French President Nicolas Sarkozy and German Chancellor Angela Merkel meet on Monday in Paris the kick off for a round of talks involving European leaders, the European Central Bank (ECB) and US Treasury Secretary Timothy Geithner, culminating in Brussels on Friday with an EU summit.
Sarkozy and Merkel are expected to take their ideas to the EU summit on Friday that is being seen as crucial for the single currency. Germany favours strict EU central control while France wishes to preserve more national sovereignty.
Meanwhile, two badly-hit Euro zone countries, Italy and Ireland, are preparing tighter austerity measures.
In Italy, Prime Minister Mario Monti is due to seek approval for his government's plans in parliament. Taxes on the assets of the wealthy will go up, as will pension ages. There will be a major drive to tackle tax evasion.
And Irish Prime Minister Enda Kenny has said the population must prepare for a tough budget this week.
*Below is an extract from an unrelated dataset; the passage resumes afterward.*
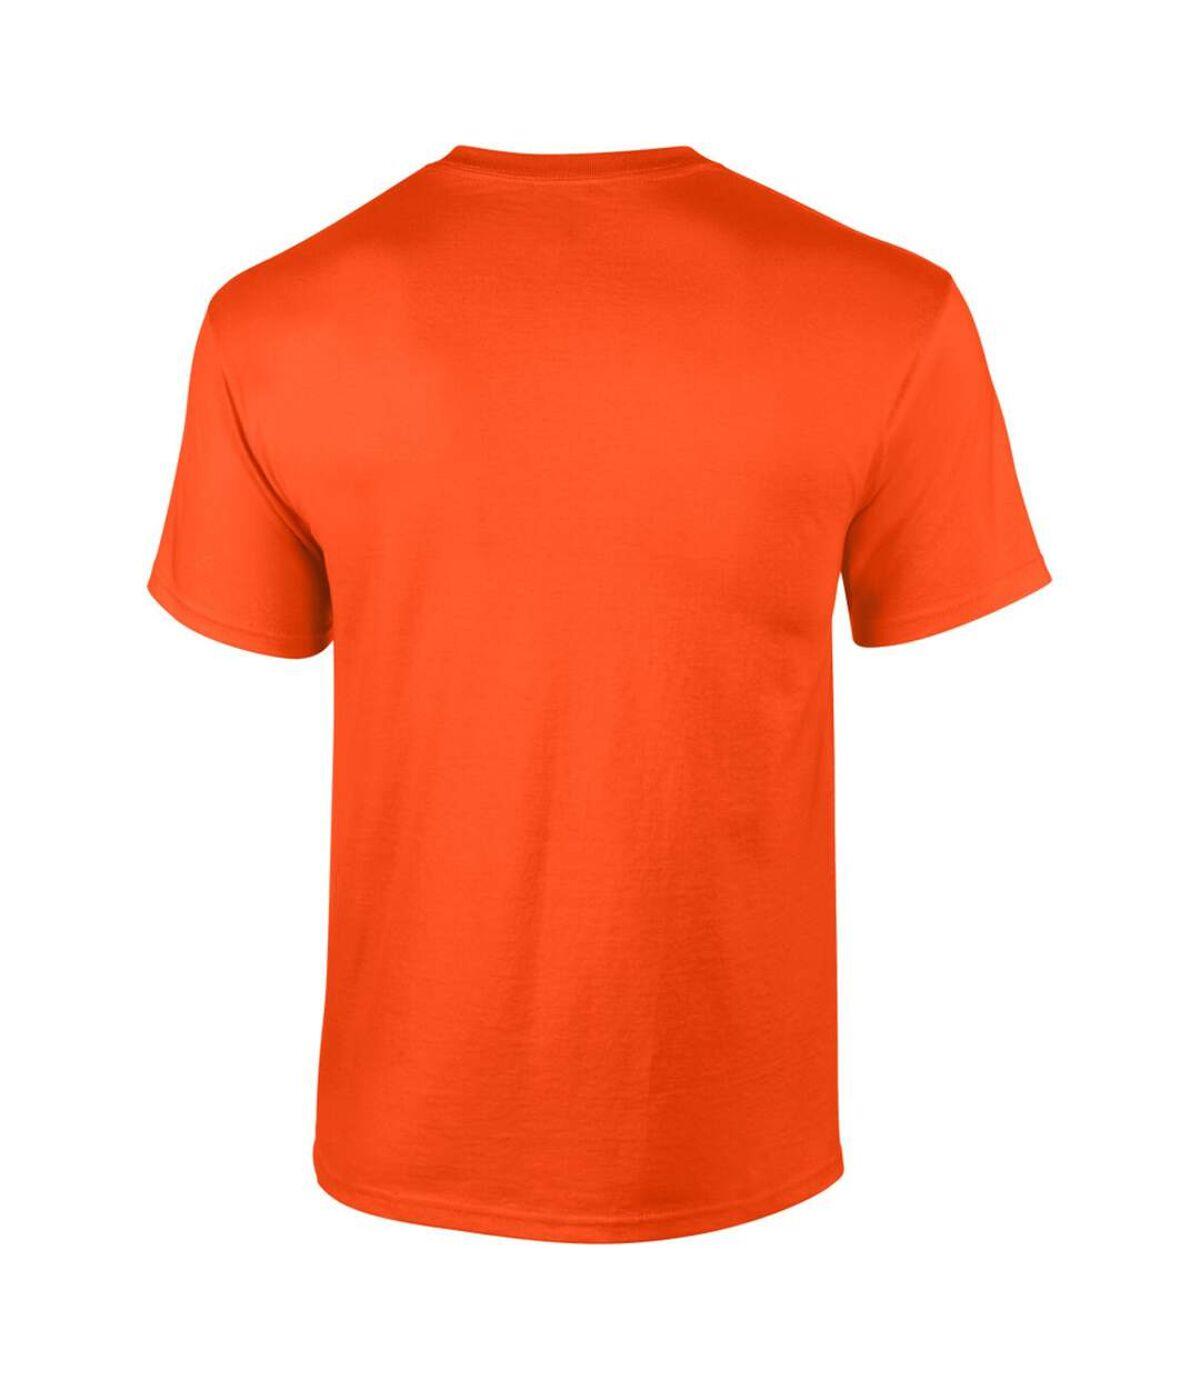 Gildan - T-shirt à manches courtes - Homme (Gris foncé) - UTBC475

Public spending will be cut by 2.2bn Euros a year and taxes raised by 1.5bn Euros, with VAT increasing to 23%.
With financial markets putting pressure on some of the Euro zone's largest - and most highly indebted - nations, Mr Sarkozy said the stakes were high.
What will remain of Europe if the Euro disappears? he asked. Nothing.
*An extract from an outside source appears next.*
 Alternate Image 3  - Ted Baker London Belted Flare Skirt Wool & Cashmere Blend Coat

France and Germany must play a key role to ensure a zone of stability, he said last week. We must confront those who doubt the stability of the euro and speculate on its break-up with total solidarity.
Mrs Merkel has promised concrete steps towards a fiscal union - in effect close integration of the tax-and-spend polices of individual Euro zone countries, with Brussels imposing penalties on members that break the rules.
We need budget discipline and an effective crisis management mechanism, she said. So we need to change the treaties or create new treaties.
Mr Sarkozy faces an election early next year and is under pressure not to cede sovereignty to unelected officials in Brussels.
Merkel and Mr Sarkozy have been working so closely in recent weeks that commentators have taken to calling the two Merkozy.
Treaty change could take many months, but the hope is that a strong, unified expression of intent on Friday could reassure markets enough to lower borrowing costs for Italy, Spain and other countries with high debt and spluttering economies.
If governments can not pay their debts - if they default - the resulting shock could bring down the banks that lend to them and create another global economic crash.
US Treasury Secretary Timothy Geithner's presence in Europe this week for several meetings with leaders is a measure of US concern that Europe's woes could spread beyond the continent.
On Thursday the ECB holds its monthly policy meeting. It has come under pressure to do more to ease Europe's debt crisis but has ruled out the idea of Euro bonds backed by all Euro zone members.
Germany is against the notion as is the ECB itself because such a move could lessen pressure on governments to control their spending. However, ECB head Mario Draghi has hinted that the bank could take more aggressive action to help governments.
The ECB has been buying modest amounts of government bonds on the secondary market but could step that up, which would stabilise or lower borrowing costs.